When the first list of endangered species was published in 1967, the Delmarva Fox Squirrel was on it. Soon it won’t be.
Nearly 50 years later, the animal has rebounded to the point that it no longer requires protection, the Department of the Interior announced last Friday, and will formally remove it from the list in December.
There are three main areas in Worcester where the Delmarva Fox Squirrels are known to be located, according to the Fish and Wildlife Service, and the first, the E.A. Vaughn Wildlife management area near Girdletree, is the only one where it is known how the squirrels came to live there — people put them there in 1998.

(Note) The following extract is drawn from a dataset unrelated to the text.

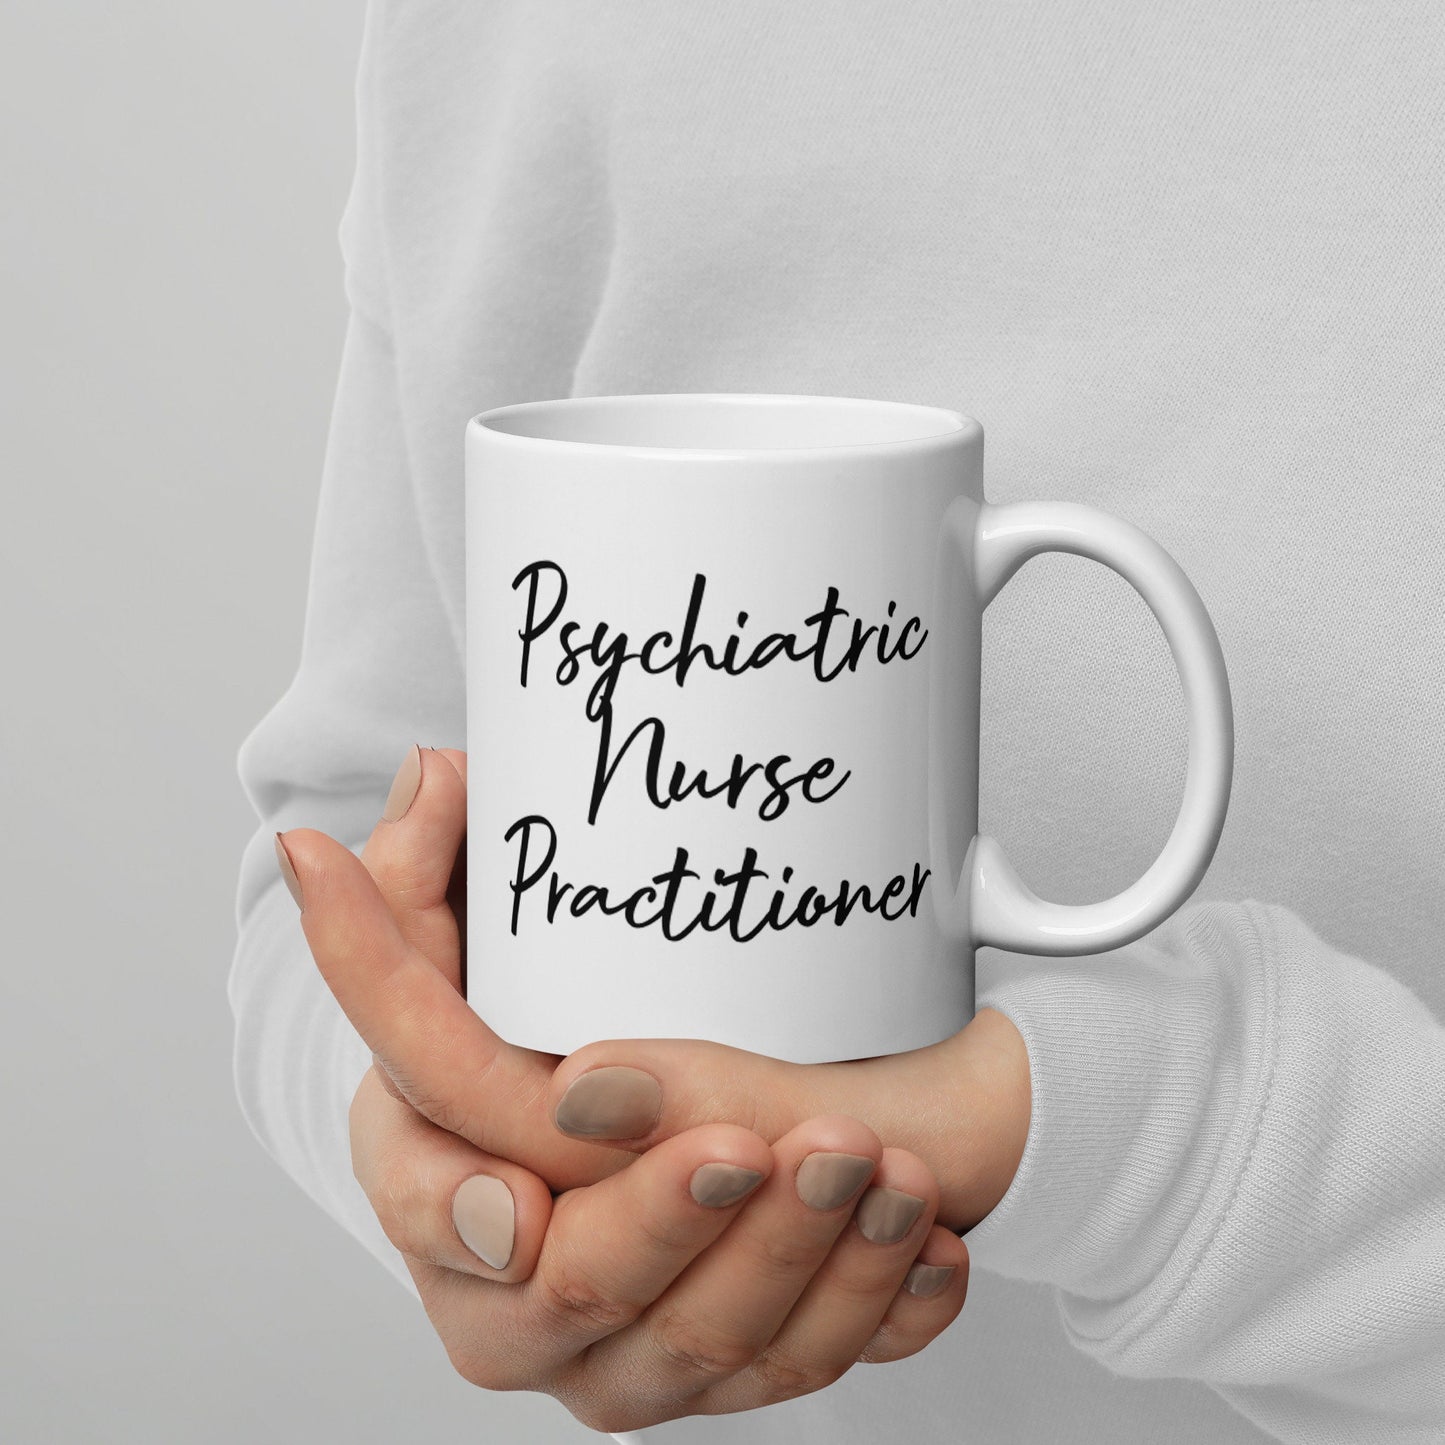 Psychiatric Nurse Practitioner Mug

By 2008, they had spread to the Pocomoke River State Forest near Snow Hill and in 2013, squirrels were found near Assateague. According to maps provided by the Fish and Wildlife Service, the two more recent colonies are unconnected to populations planted farther south in Worcester or relatively nearby in Somerset County.I'm not sure I'd recognize one if I saw it. The pictures all look pretty much within the range of variation for the run of the mill Eastern Gray Squirrel, which are the bane of our garden, although it sounds like they are considerably larger.
Historically, this particular squirrel spread beyond the peninsula into southeastern Pennsylvania and New Jersey but had been forced back into the confines of Delmarva because of habitat degradation, according to a 1992 Fish and Wildlife Service recovery plan for the animal.

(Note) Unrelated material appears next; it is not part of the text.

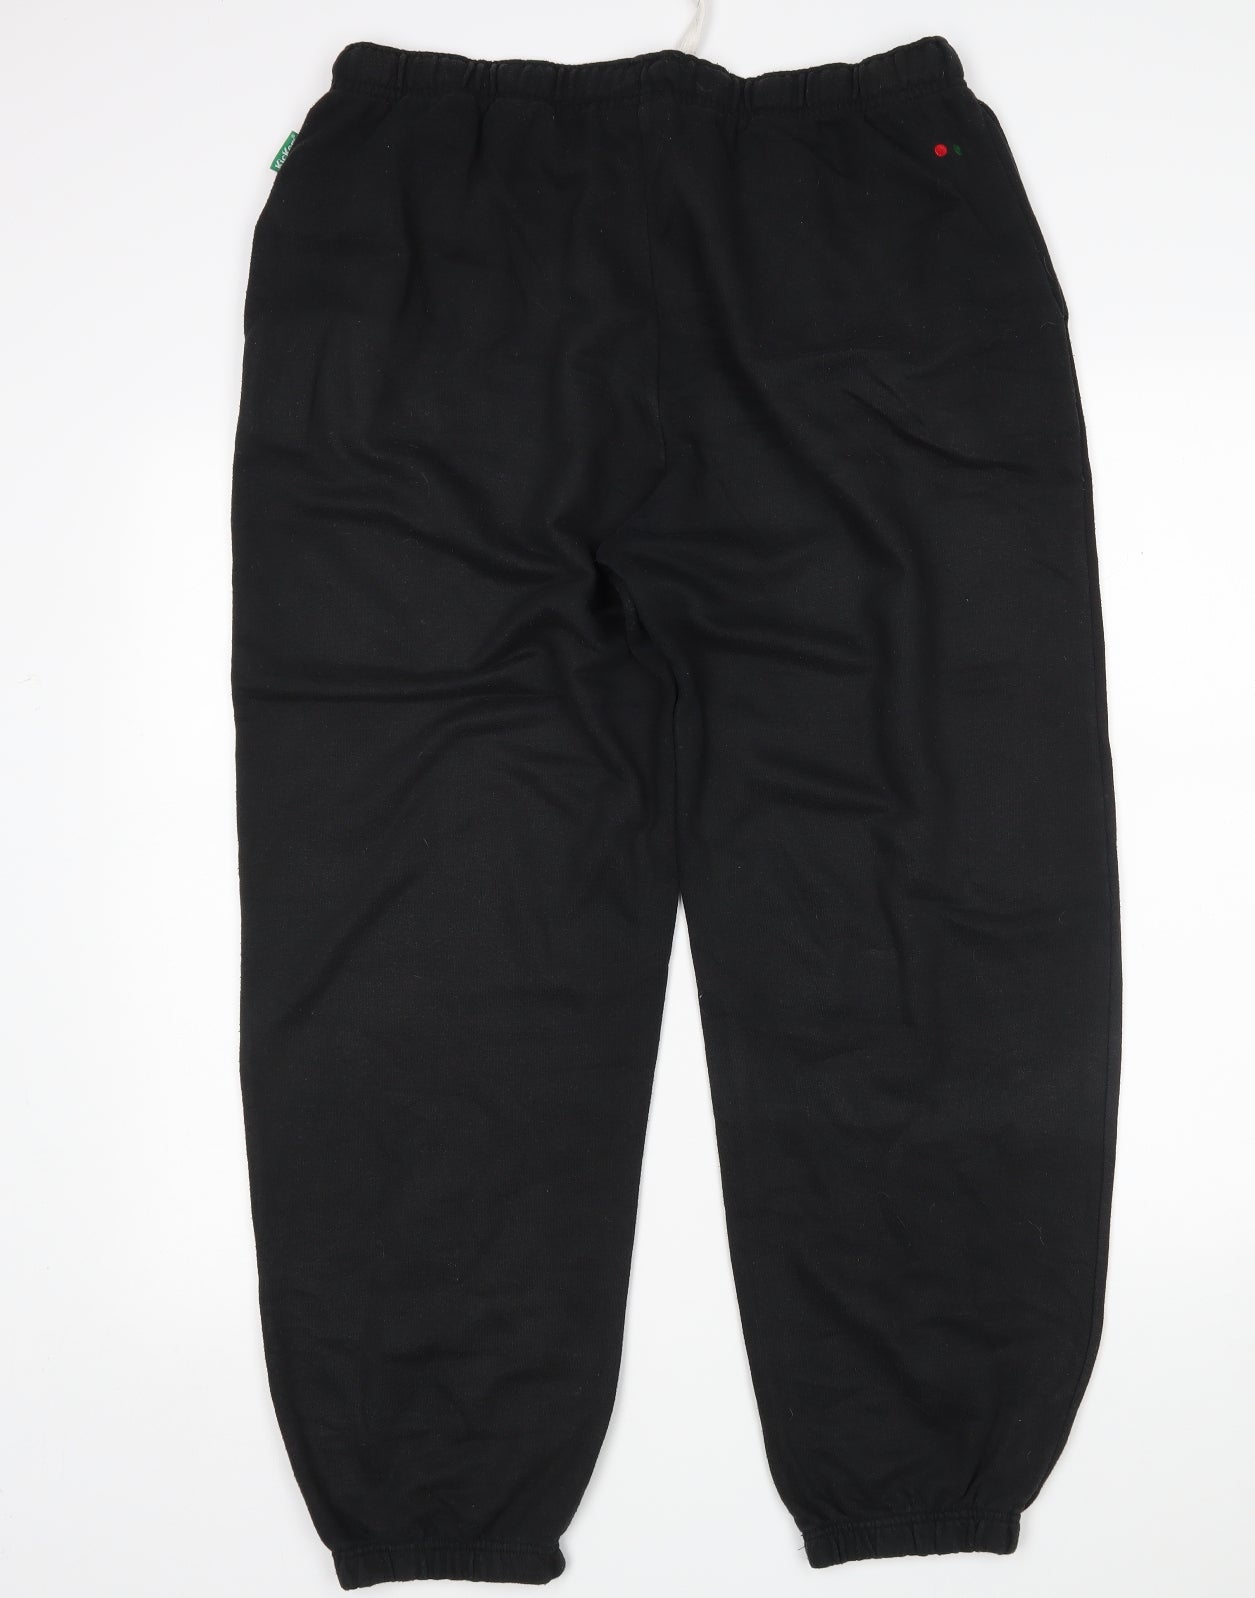 Kickers Mens Black  Cotton Sweatpants Trousers Size M L28 in Regular

Delmarva Fox Squirrels look similar to common gray squirrels, but can grow quite a bit larger and are among the largest tree squirrels in the western hemisphere, according to the Chesapeake Bay Foundation.
Its coloration is a bit lighter and its tail, which can grow to 15 inches in length, is composed of fluffy gray hair that ends in black tips. It can grow nearly 2.5 feet long and weigh three pounds, according to the Chesapeake Bay Foundation.
Somewhere, a devout environmentalist is bemoaning the loss of a weapon.